HCOM Power BI - Transforming Data

Tags HCOM

Overview

Transform data in Power BI is where you can load and alter the data without changing the source data. You are likely to transform some of the data initially and as you are building data visualizations you will likely find additional transformation needs. Transform data acts as sort of a macro, applying the same steps every time the data is refreshed/updated. Here are some helpful tips on some of the tools to use when transforming data. 

Transform Data

In the PBIX file, locate 'Transform Data' in the Queries section of the Home tab. 

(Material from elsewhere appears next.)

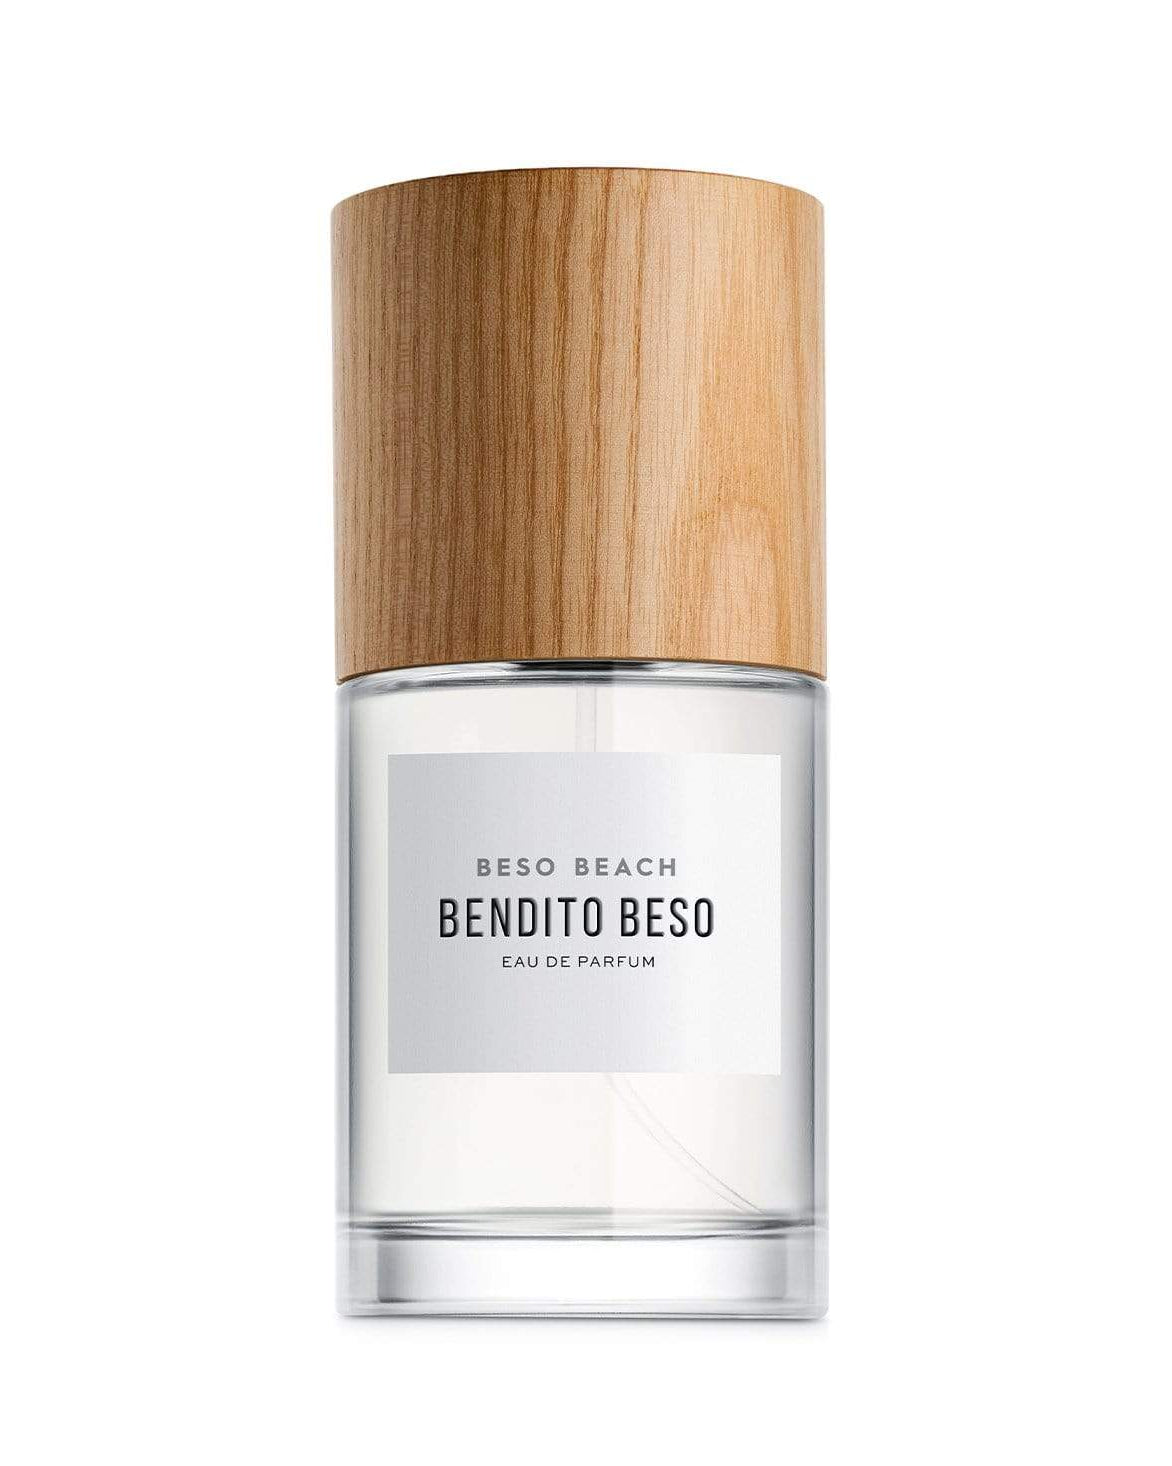 Bendito Beso Eau de Parfum - Men's Fragrance at Menzclub

Uploaded Image (Thumbnail)When you enter the transform data screen, you'll notice to the left all of the data sources you have added. In the middle is a preview of some of that data. On the right are the steps that you apply to transform the data. Just about every data source will have Source and Navigation as the initial steps. 

Uploaded Image (Thumbnail)

At the top of the screen, you'll notice different functions you can use to transform the Data

Uploaded Image (Thumbnail)

Note that if you filter out rows to view and double check things in this function it WILL add it as a step which may be unintended. This is only a preview of the data so this is not the appropriate place to filter unless you legit need it.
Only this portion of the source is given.